Title: New Model for Practical Prediction of Creep and Shrinkage
Author(s): Zdenek P. Bazant and Liisa Panula
Publication: Special Publication
Appears on pages(s): 7-24
Keywords: building codes; concretes; creep properties; deforma-tion;
humidity; mathematical models; shrinkage; strains;
structural analysis; structural design; volume change.

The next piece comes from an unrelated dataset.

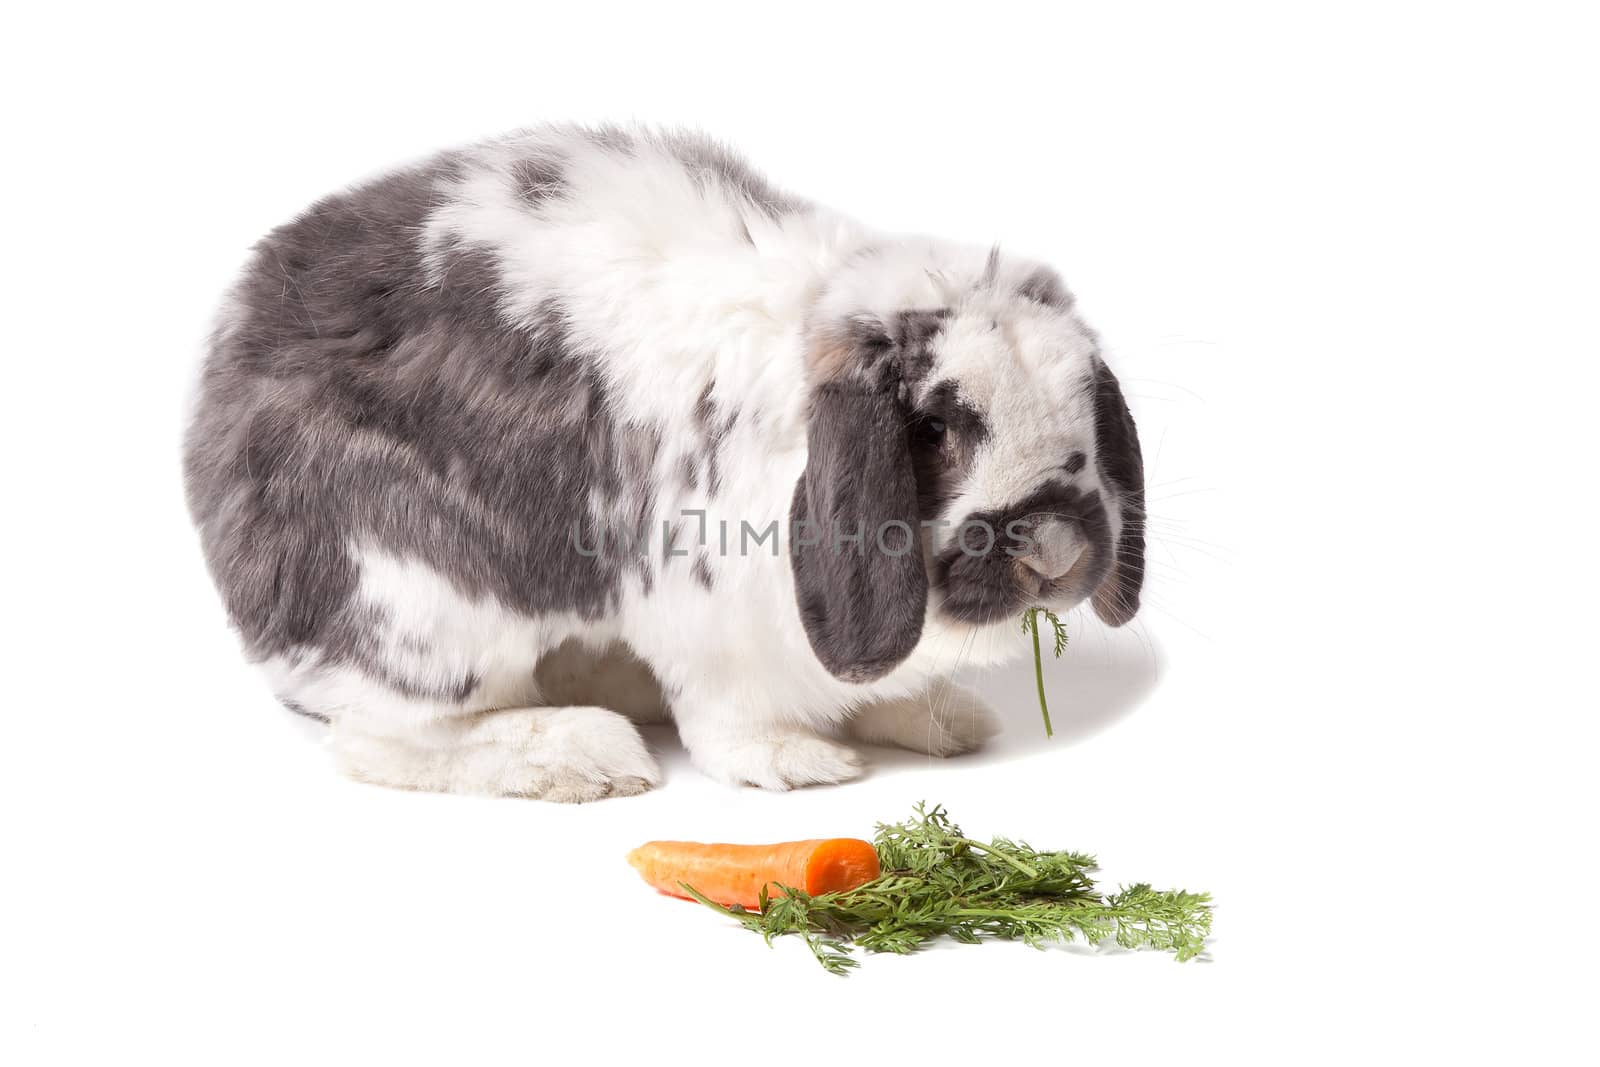 Cute Grey and White Lop Eared Bunny Rabbit Facing Right eating Carrot and Green Vegetables On White Background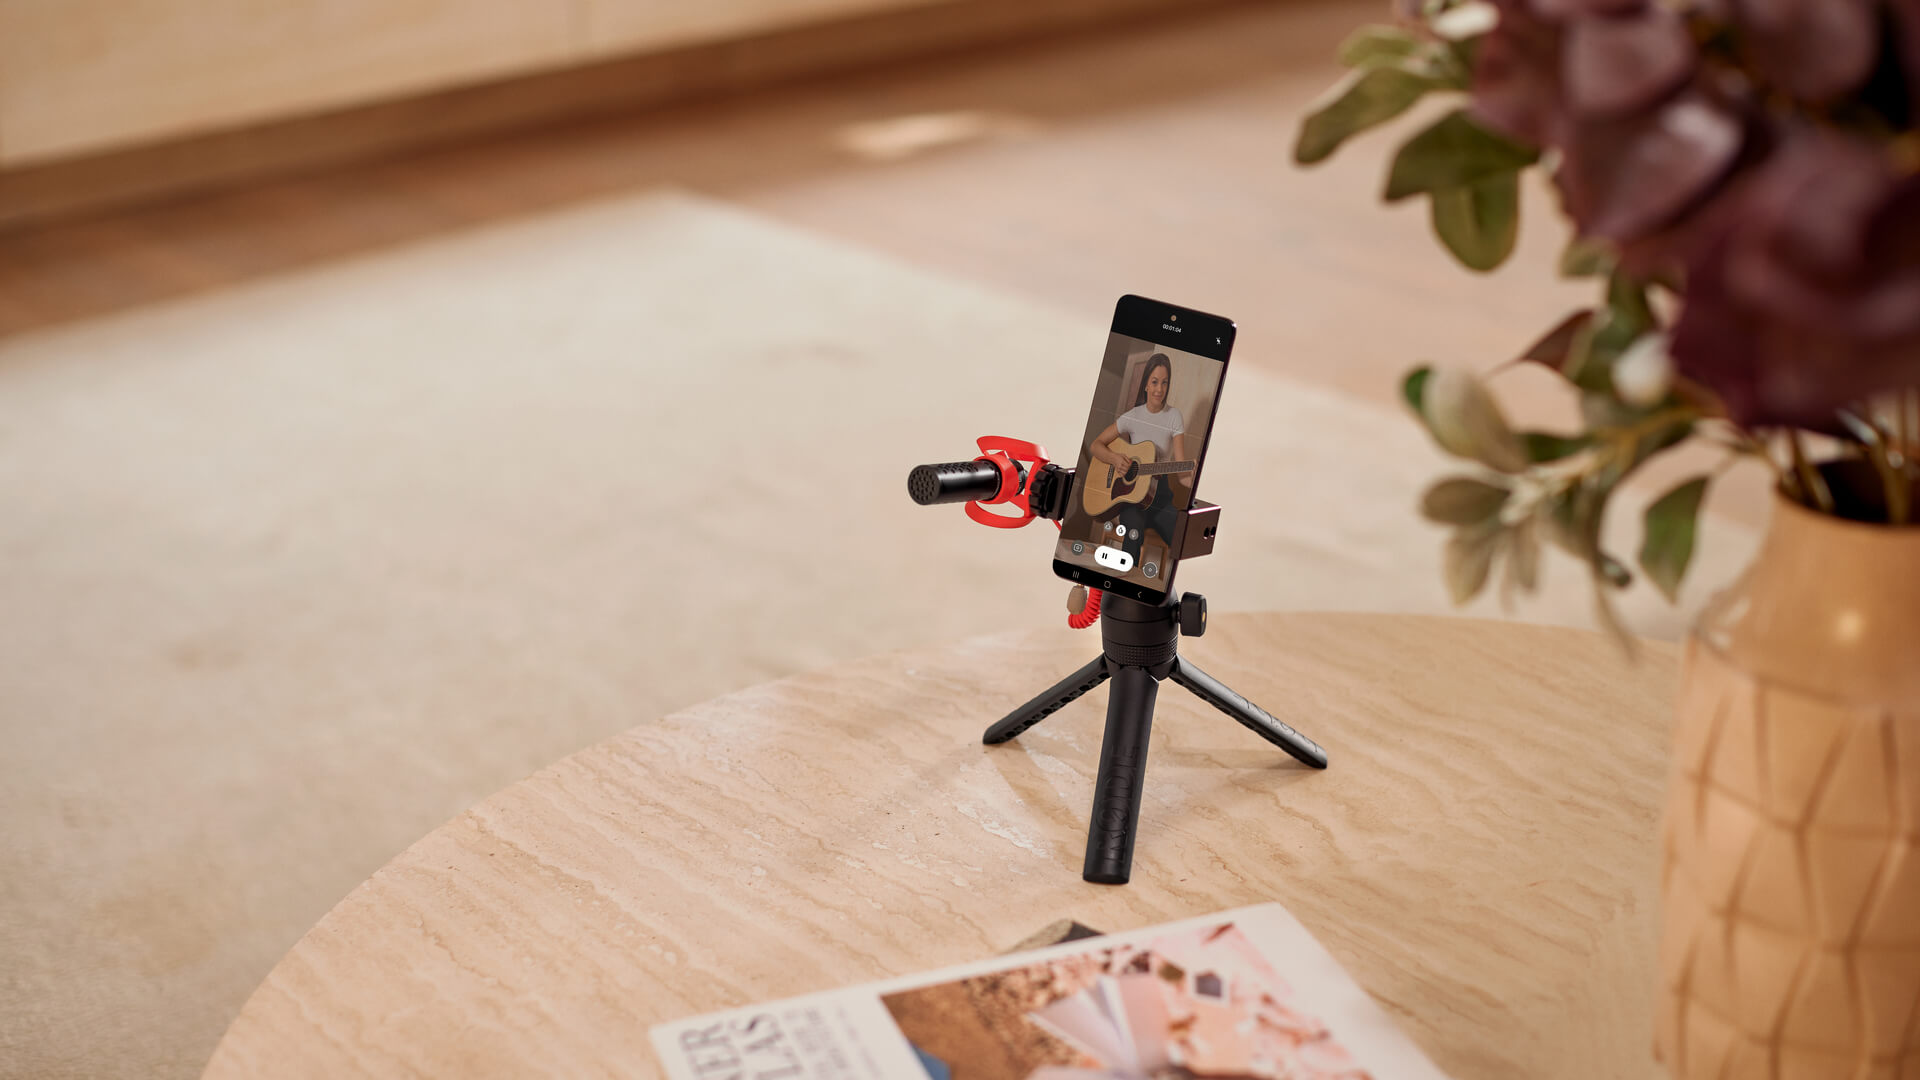 Mobile phone with VideoMicro II connected and mounted to Tripod 2 on wooden table

Abstract:A new model for the prediction of creep and shrinkage (which is presented in full detail elsewhere), along with a large scope verification by test data, is outlined in simple terms, explained and illustrated in this paper. In this model, the total creep strain is separated into the basic and drying creep components, but not into "reversible" and "irreversible" creep components. The effect of environmental relative humidity is modeled by vertical scaling of the drying creep term. The effect of specimen size is modeled by a horizontal shift of the drying creep term in the logarithmic time scale, and the basic creep term is unaffected by humidity and specimen size. The effects of humidity and size upon the drying creep are modeled completely analogously to those on shrinkage. The dependence of shrinkage as well as drying creep on the size of the cross section is introduced by means of shrinkage-square halftime, which is the same for both shrinkage and drying creep. Finally, the basic creep component of total creep strain is characterized by double power law.